Grosso modo, on pourrait classer les titres de l'album en trois groupes, les trucs extra-terrestres comme 10.15 saturday night (Grinding halt, Subway song, Meathook viendraient s'y ajouter), les titres à tempo moyen (Accuracy, Another day, Fire in Cairo, Three imaginary boys) et les plus punky-rapides (Object, Foxy lady, So what, It's not you).
Quand on pense que trois titres sortis en single (Killing an Arab, Boys don't cry et sa face B Plastic passion) ont été enregistrés grosso modo pendant les sessions de cet album et aurait pu venir en renforcer encore le niveau, on se dit que vraiment que le groupe était bourré de créativité à ses tous débuts, comme c'est souvent le cas. A l'époque, j'aurais dit que Seventeen seconds était mon album préféré de The Cure mais aujourd'hui je pense que Three imaginary boys a bien mieux vieilli. La seule vraie faute de goût, c'est l'espèce de petit instrumental jazzy ajouté en toute fin de disque après le morceau-titre : autant dans les meilleurs moments du disque il y a des espaces qui peuvent faire penser à un esprit jazz, autant ce Weedy Burton (ils lui ont même donné un numéro et un titre dans les rééditions) est sans intérêt.

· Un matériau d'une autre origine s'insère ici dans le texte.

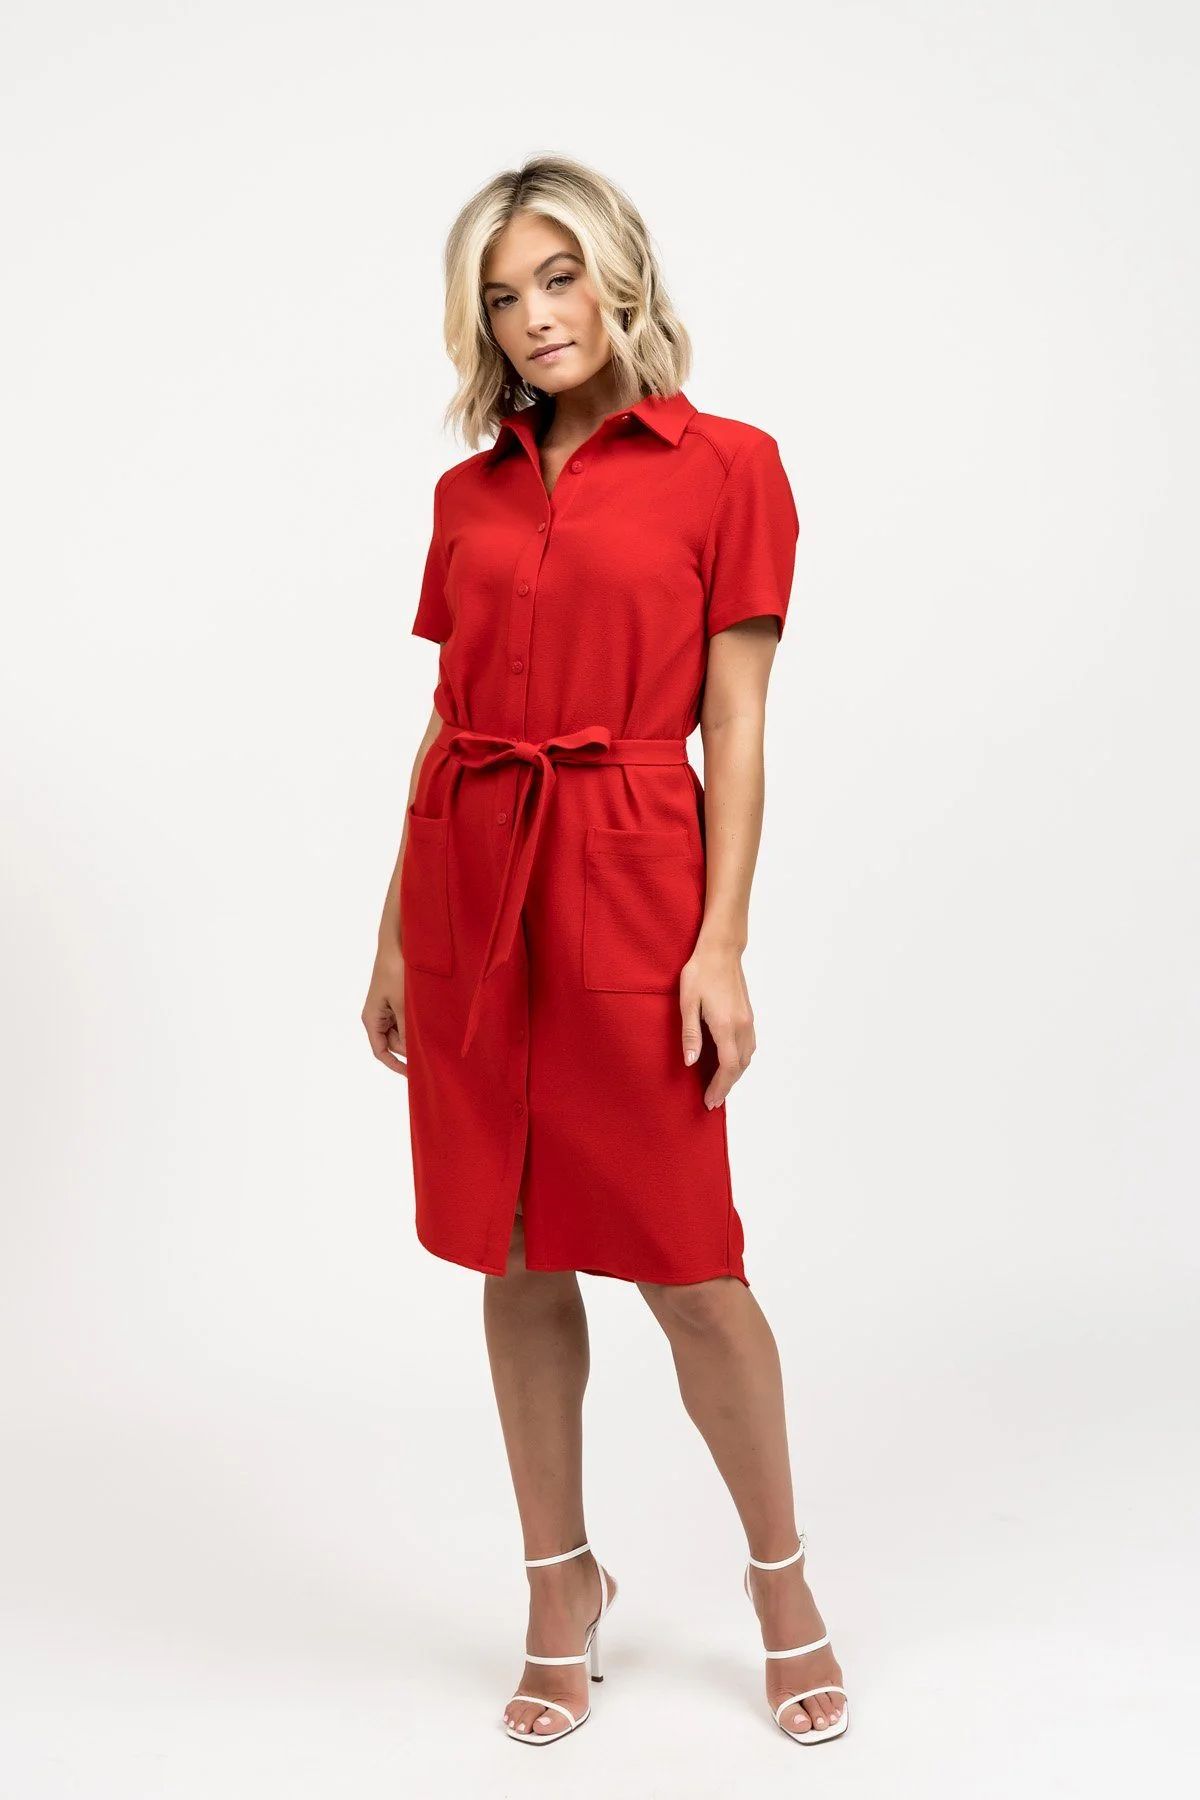 The Shirt Dress - Red | Rachel Parcell

Polydor qui, à l'époque, distribuait non seulement Fiction mais aussi Virgin (Magazine, XTC, Devo, PIL, etc., excusez du peu) a eu la très mauvaise idée en 1979 de substituer pour certains disques une pochette imprimée faisant la promotion de son catalogue à l'habituelle sous-pochette blanche :


Au moins, trente ans plus tard, je peux me féliciter de ne posséder qu'un seul de ces albums (Allez, je réponds à la question avant qu'on ne me la pose : c'est le Dick Annegarn, que je n'ai malheureusement que dans une réédition en double album avec une autre pochette).
Je crois que cette sous-pochette, et le fait que la pochette française n'était pas légèrement gaufrée comme l'originale anglaise), explique en grande partie pourquoi je me suis séparé (presque) sans regret de mon 33 tours de Seventeen seconds quand j'ai acheté cet album en CD pour pas trop cher.

3 commentaires:

KMS a dit…

On notera le "Tochurst" des credits sur la video youtube.

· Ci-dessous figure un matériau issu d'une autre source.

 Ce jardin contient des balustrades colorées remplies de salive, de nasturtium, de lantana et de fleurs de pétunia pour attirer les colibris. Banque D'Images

Je n'arrive pas à ma souvenir de ce Chorus et du passage des Cure que j'ai pourtant très certainement vu... je ne devais pas être dans un bon jour, il m'aura fallu encore un peu de temps pour accrocher sur Cure du coup...

Je me suis toujours demandé des trois objets lequel symbolisait Robert Smith... j'ai toujours penché pour le frigo (pour y stocker les bières et la vodka).

Pol Dodu a dit…

KMS,
En fait, si on lit l'interview de Bill Smith sur laquelle j'ai fait un lien dans le billet, il semble que le concepteur de la pochette lui-même associe plutôt Robert Smith à l'abat-jour...! ("Was Robert really a lampshade ?")

klinsmark a dit…

excellent billet.
né trop tôt (1975), j'ai découvert cure en 85-86 "comme tout le monde". et en découvrant ensuite la disco au fur et à mesure de l'adolescence, je me suis souvent projeté mentalement dans l'esprit d'un aîné qui aurait découvert ces albums en direct. avec jalousie.

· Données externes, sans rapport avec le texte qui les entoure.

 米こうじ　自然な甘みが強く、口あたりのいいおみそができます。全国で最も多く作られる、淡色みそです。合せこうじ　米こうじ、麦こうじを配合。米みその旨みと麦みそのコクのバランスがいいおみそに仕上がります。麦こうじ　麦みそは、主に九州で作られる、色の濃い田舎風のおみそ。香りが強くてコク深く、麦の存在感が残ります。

quelle délicieuse sensation ce devait être de découvrir cette série de morceaux glacés, pop, énergiques, mais déjà froids, austères et mélancoliques. à ce titre, le morceau de l'album qui annonce le mieux ce qui va suivre est de mon point de vue "Another Day", qui mixé et arrangé différemment ne ferait pas tâche dans 17s ou faith.

avec en prime, ce 'jeu de pistes' finement décrit par l'auteur pour retrouver les titres des morceaux, jeu qui révèle la part de mystère qu'exerce la musique sur nos pauvres âmes en péril.